I mentioned that her medicines are making me feel ill.

“You should be grateful for them,” she scolded. “Doctor Prestweiss developed this protocol for the married women at his retreat. They’ll remove any blockages or weakness that otherwise might make you sick after delivery.” I made no reply. “My use of this protocol has kept the death rate here extremely low, Lilli—four mothers in over four hundred births. And only one of those died from childbed fever.”

Though these numbers were meant to be encouraging, I made a frightened face as I rose to my weary legs.

“You should be grateful,” she repeated. “Last year at the city hospital, forty-two women per hundred died of childbed fever.”

How appalling! I did express my gratitude before shuffling off to make way for her next patient.
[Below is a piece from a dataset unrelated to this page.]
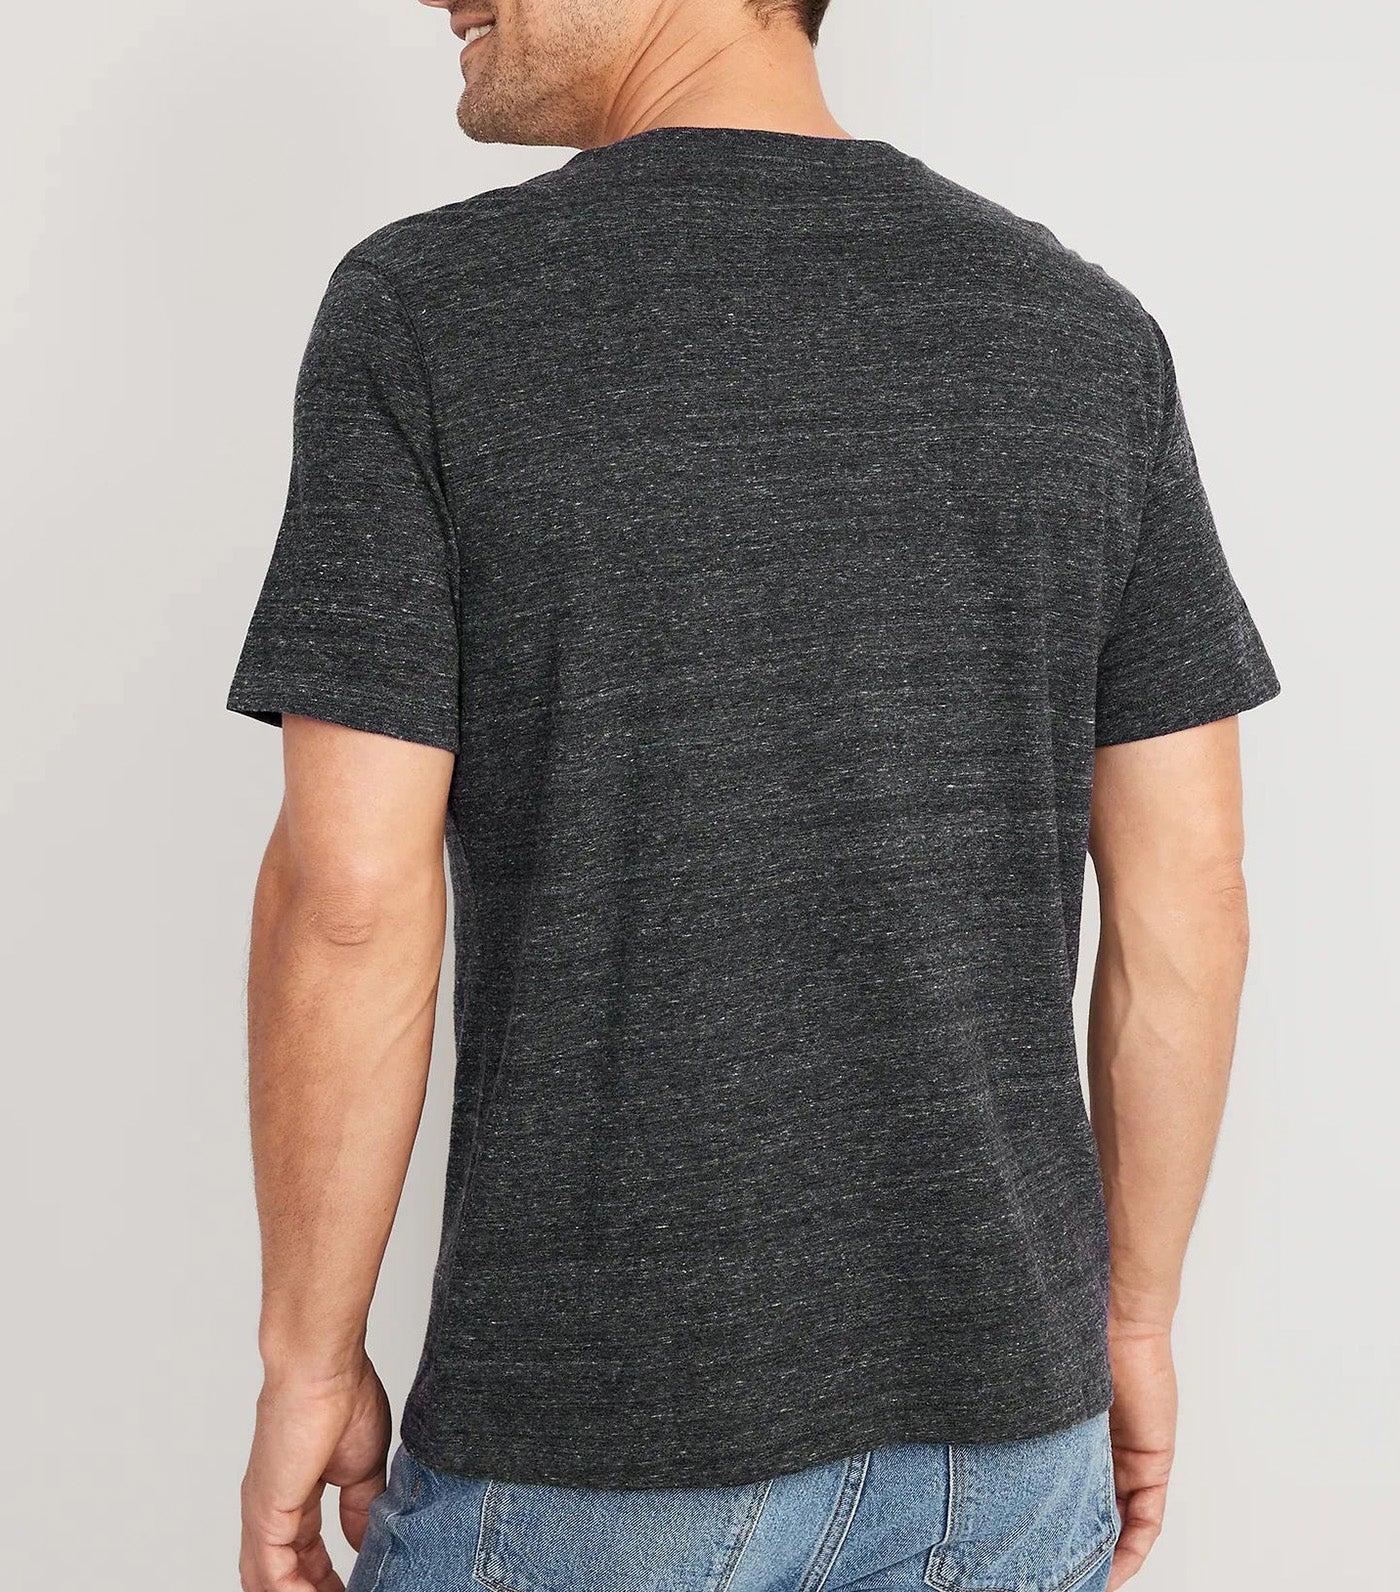 Soft-Washed V-Neck Slub-Knit T-Shirt for Men Charcoal Heather

Like her colleagues at the Woman’s Medical College, some of whom I’d met in Germantown, Dr. Stevens is imbued with the fortitude of one who aims to improve the lot of her sex. The clothes on her slender form are wrinkled, and more of her hair escapes her bun and cap than remains tucked within them; to me these things are to her credit, for she focuses on what matters more.
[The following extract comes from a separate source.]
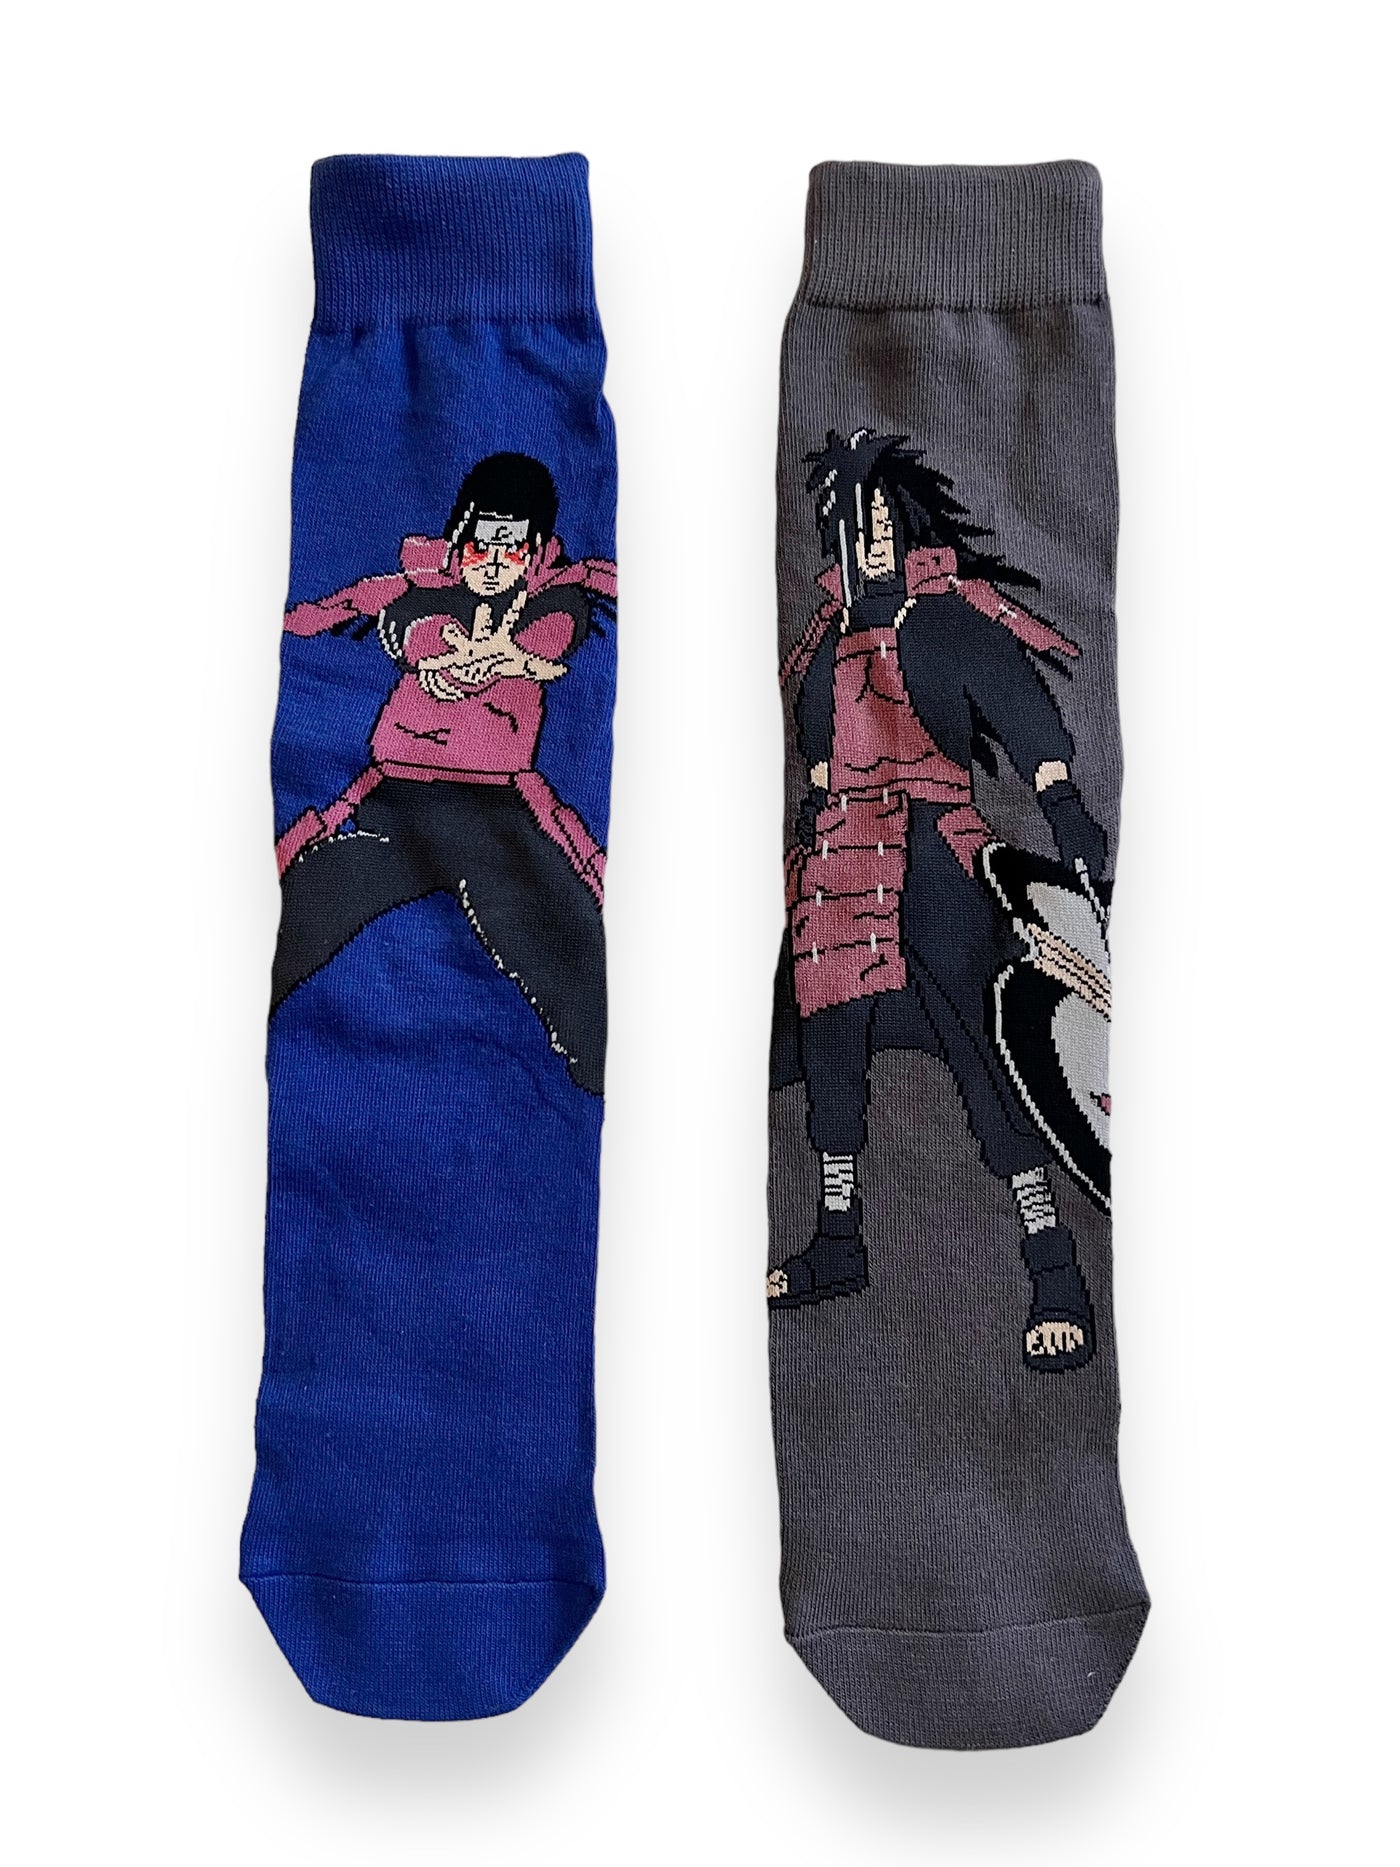 shinobi legends socks - PROBOXS
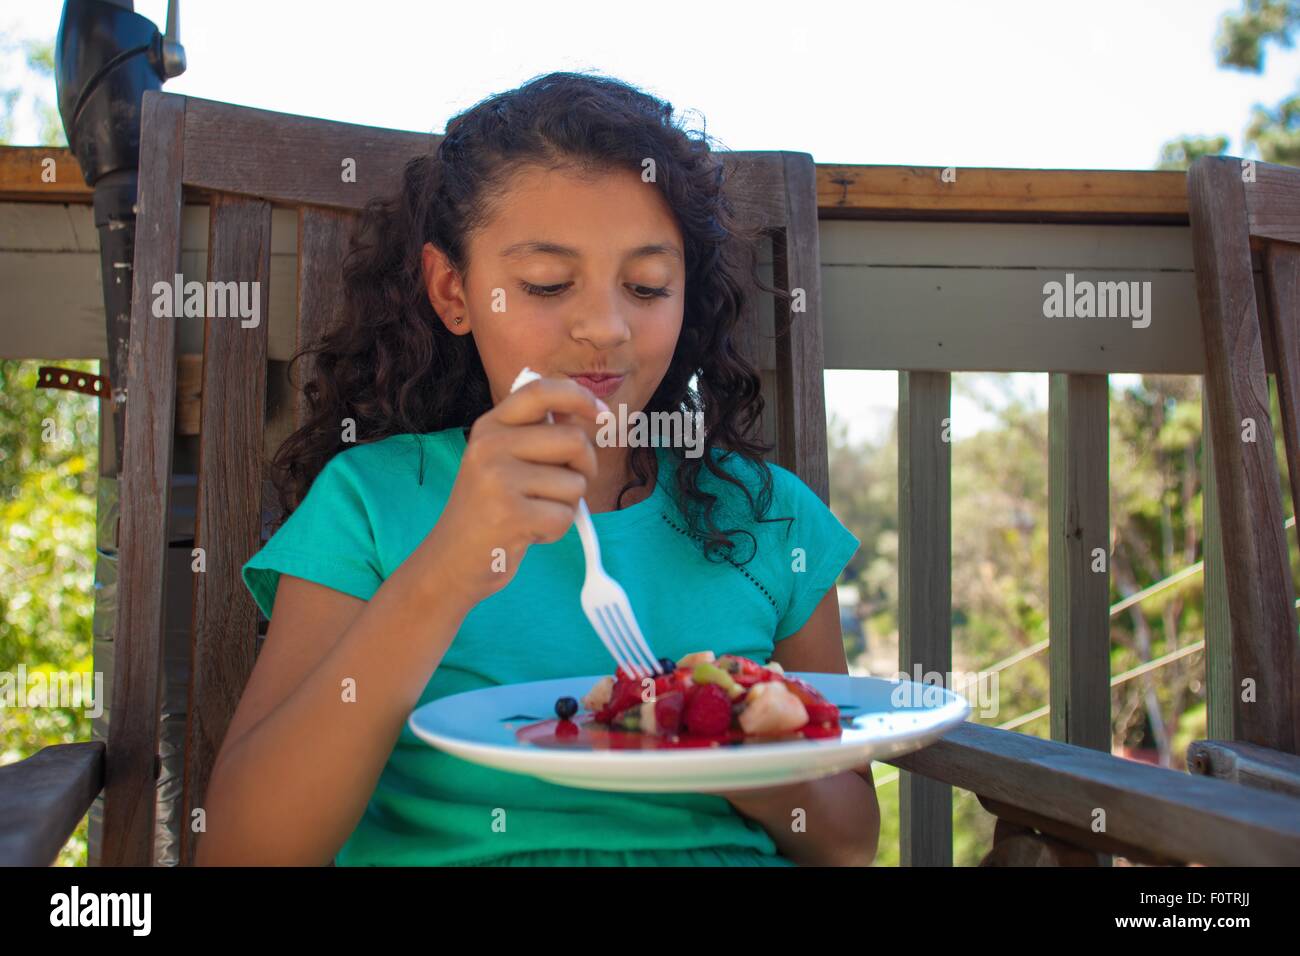 Girl eating fruit dessert on garden bench Stock Photo

But please, Dr. Stevens, don’t let me become the fifth mother to die here! And don’t let my baby die!

Each time the muscles of my belly tighten in a cramp, I wonder whether my time is nigh. I wonder what will become of me and my baby when we leave this place. I wonder what young woman will take my bed, and what happens to all the desperate girls whom Anne must turn away. At the window I stare out to the far-off stars and think, What is the purpose of all this suffering?

I know the Bible’s answer, the one I heard at Meeting and from Mother’s lips a hundred—no, five hundred times.

Do not despise the Lord’s discipline,

nor lose courage when thee is punished.

For the Lord disciplines those whom he loves,

as a father the child in whom he delights.



What terrible love. Right now, I’ve half a mind to refuse it.

I’ve swallowed my drams of chloral hydrate. A stupor overtakes me. I hope to sleep till the morning bell.